The 30th anniversary of the iconic Voyager-1 Pale Blue Dot image is celebrated today, February 14, 2020. The iconic Pale Blue Dot is an image of Earth taken from approximately 6 billion kilometers away by NASA’s Voyager 1 spacecraft on 14 February 1990.
The Earth can be seen as a tiny pale-blue bright dot within deep space. The image was part of a larger group of images known as the Family Portrait series that consisted of various images of the solar system.
Carl Sagan, an American astronomer and science communicator, inspired by the photo published the 1994 book "Pale Blue Dot: A Vision of the Human Future in Space". The book features philosophy about humankind’s place within the greater Universe, perspectives on the future, and science about the solar system.In this book, he writes:
“From this distant vantage point, the Earth might not seem of any particular interest. But for us, it's different. Consider again that dot. That's here. That's home. That's us.
On it everyone you love, everyone you know, everyone you ever heard of, every human being who ever was, lived out their lives.
The aggregate of our joy and suffering, thousands of confident religions, ideologies, and economic doctrines, every hunter and forager, every hero and coward, every creator and destroyer of civilization, every king and peasant, every young couple in love, every mother and father, hopeful child, inventor and explorer, every teacher of morals, every corrupt politician, every 'superstar,' every 'supreme leader,' every saint and sinner in the history of our species lived there – on a mote of dust suspended in a sunbeam.
The Earth is a very small stage in a vast cosmic arena. Think of the rivers of blood spilled by all those generals and emperors so that in glory and triumph they could become the momentary masters of a fraction of a dot. Think of the endless cruelties visited by the inhabitants of one corner of this pixel on the scarcely distinguishable inhabitants of some other corner.
How frequent their misunderstandings, how eager they are to kill one another, how fervent their hatreds. Our posturings, our imagined self-importance, the delusion that we have some privileged position in the universe, are challenged by this point of pale light.
Our planet is a lonely speck in the great enveloping cosmic dark.
In our obscurity – in all this vastness – there is no hint that help will come from elsewhere to save us from ourselves.
The Earth is the only world known, so far, to harbor life. There is nowhere else, at least in the near future, to which our species could migrate.
Visit, yes. Settle, not yet.
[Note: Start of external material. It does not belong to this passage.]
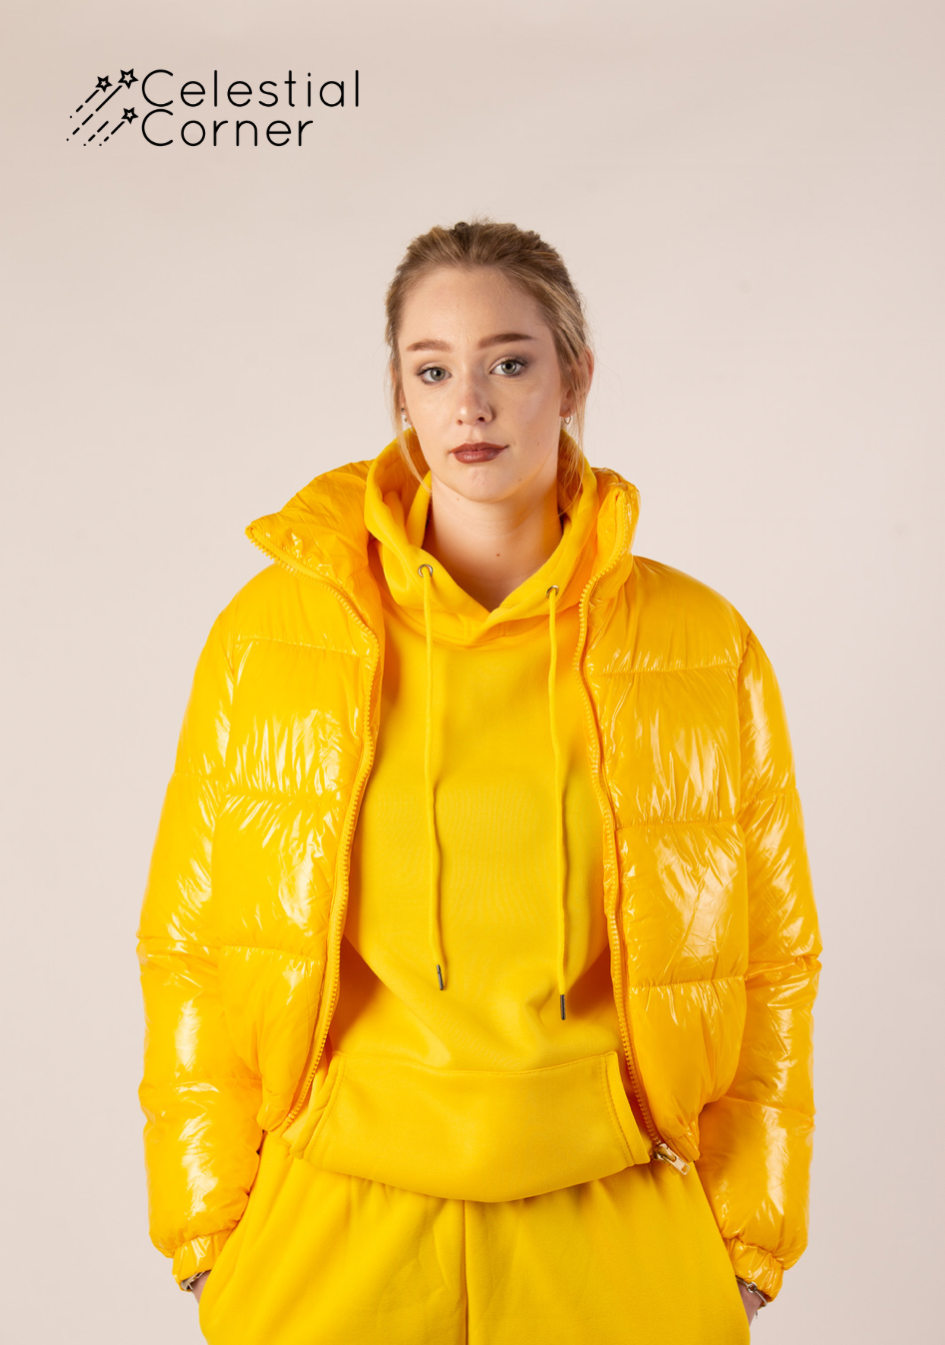 Neon Yellow Puffer Jacket

Like it or not, for the moment, the Earth is where we make our stand. It has been said that astronomy is a humbling and character-building experience. There is perhaps no better demonstration of the folly of human conceits than this distant image of our tiny world.
To me, it underscores our responsibility to deal more kindly with one another and to preserve and cherish the pale blue dot, the only home we've ever known."
Nothing more to ad. Just: love your home. If you can't love it, at least don't hurt it or destroy it.